◆ To do
Your copy of the data should match it exactly, except that the pictures are gone.

◆ Source material

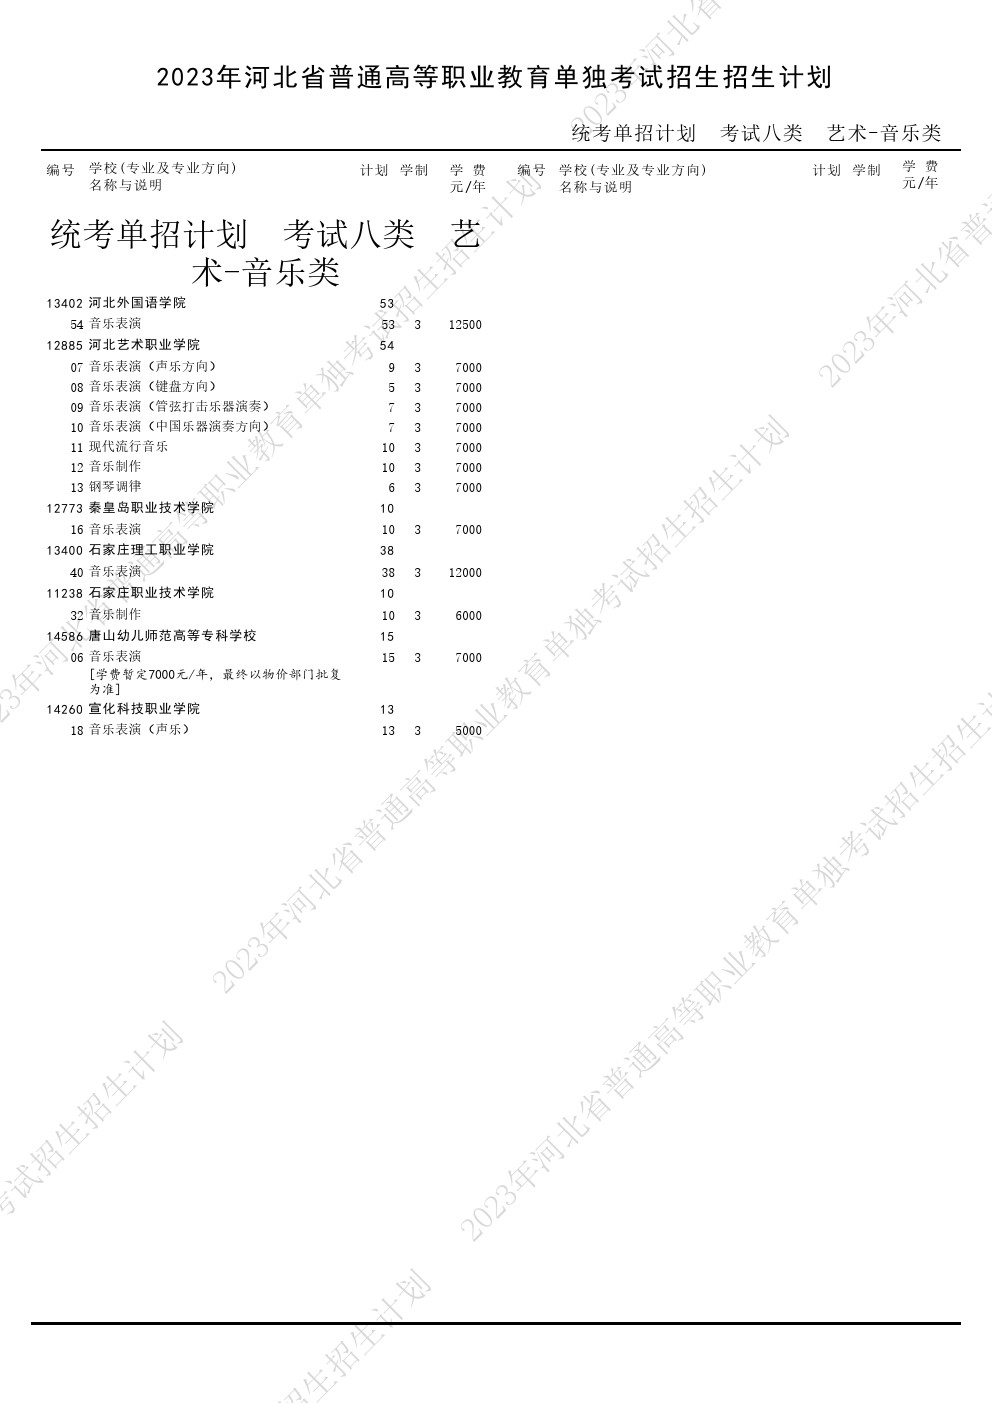 2023年河北省高职单招考试八类音乐类招生计划
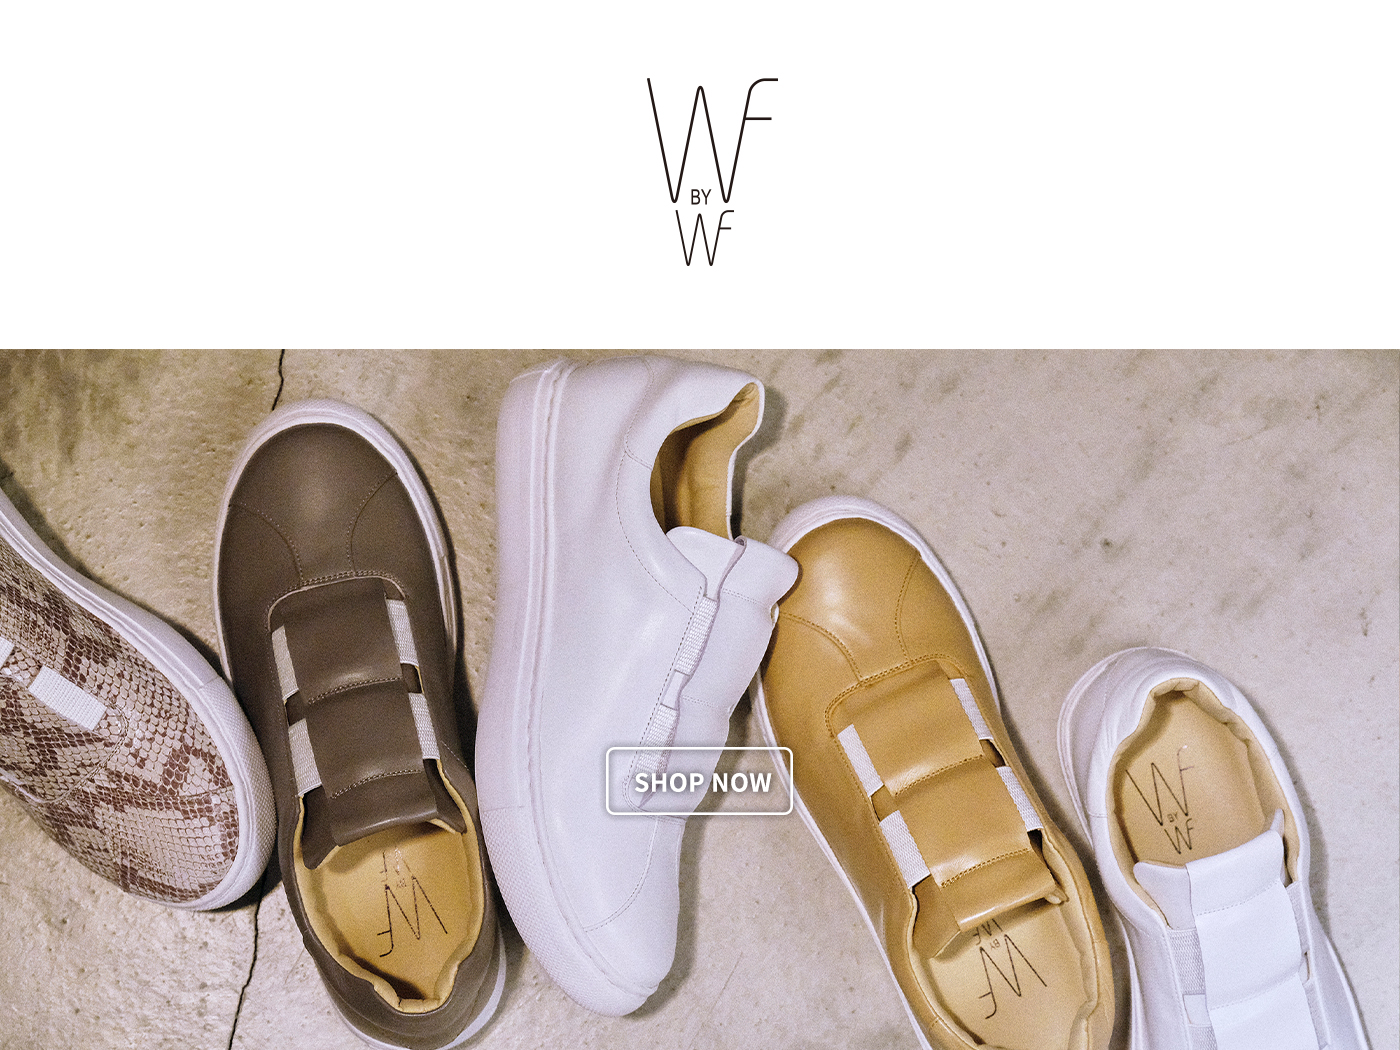 wisteria fujiwara,wf by wf,訂製鞋,皮鞋訂製,訂製
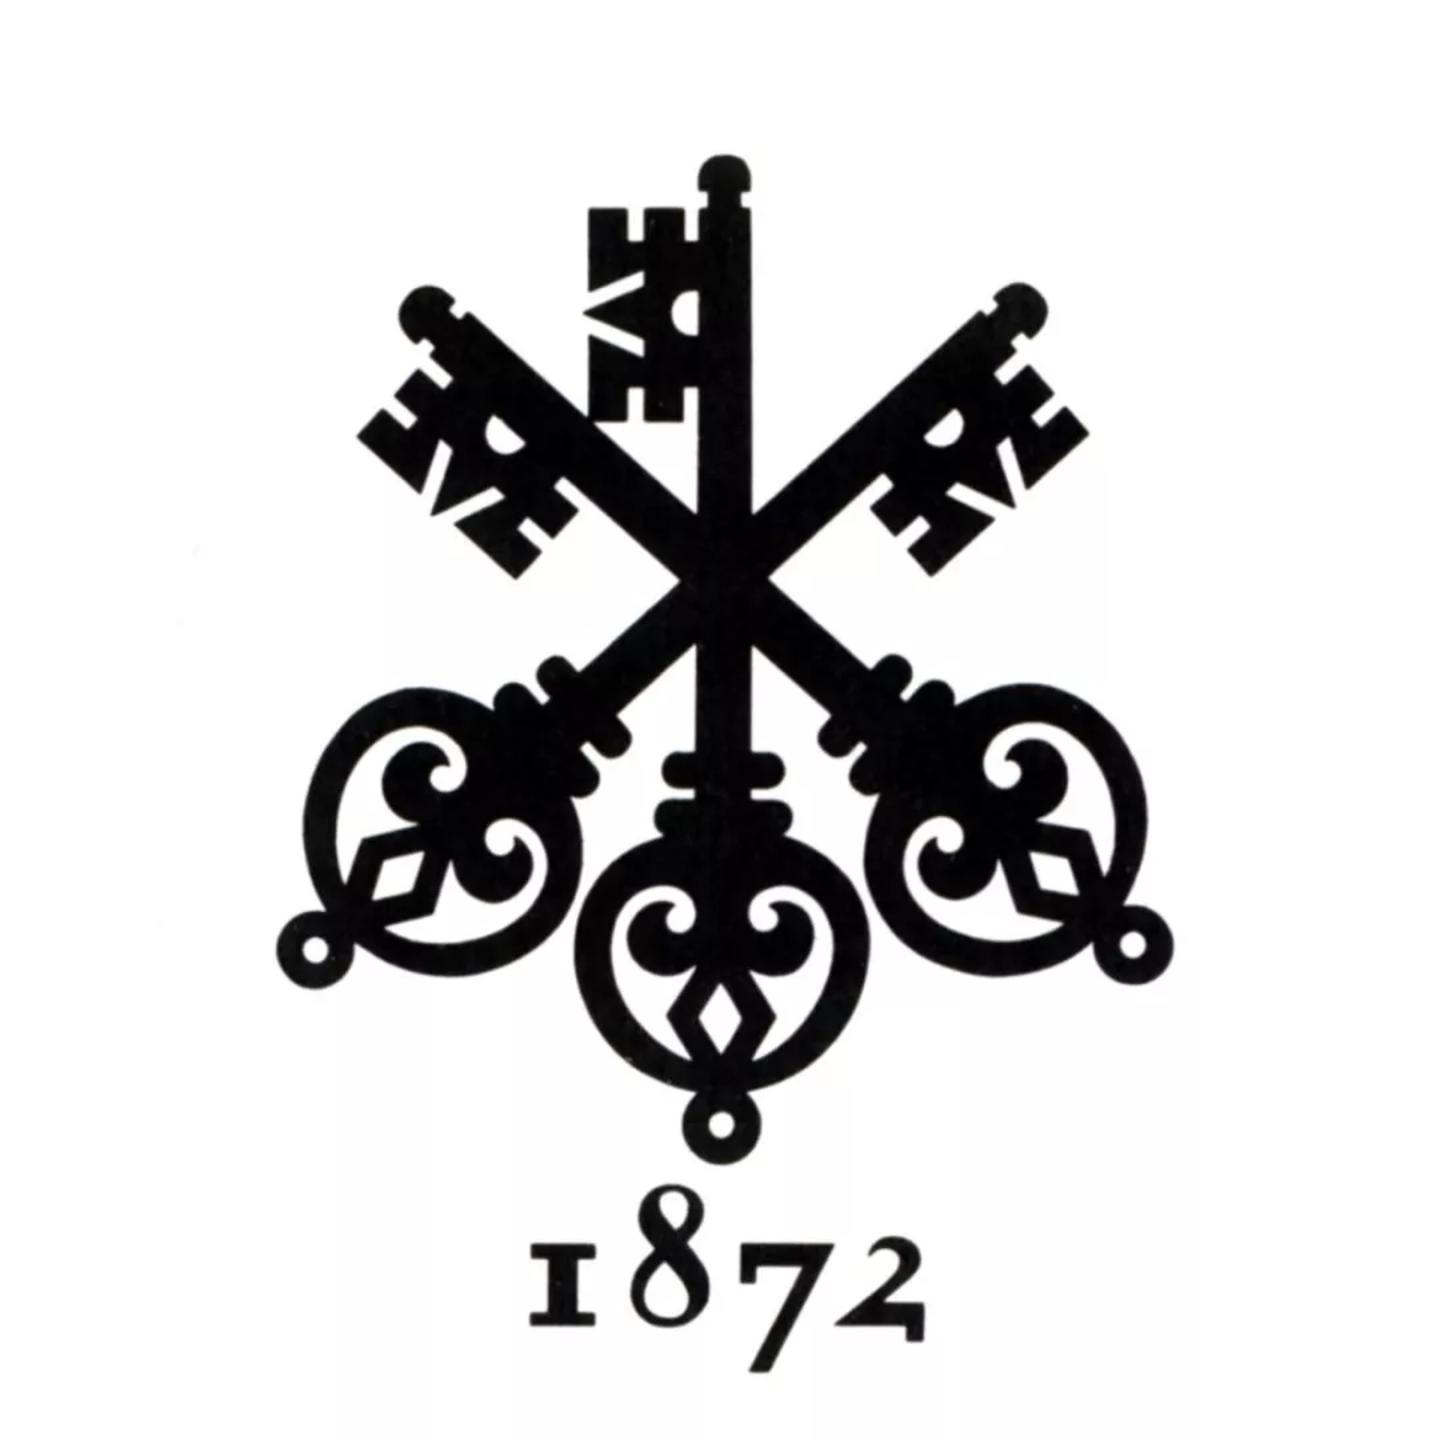 一百多年前,瑞士银行(ubs)就开始使用三只交叉的钥匙作为集团标志

◆ Task solution
 2023年河北省高职单招考试八类音乐类招生计划
 wisteria fujiwara,wf by wf,訂製鞋,皮鞋訂製,訂製
 一百多年前,瑞士银行(ubs)就开始使用三只交叉的钥匙作为集团标志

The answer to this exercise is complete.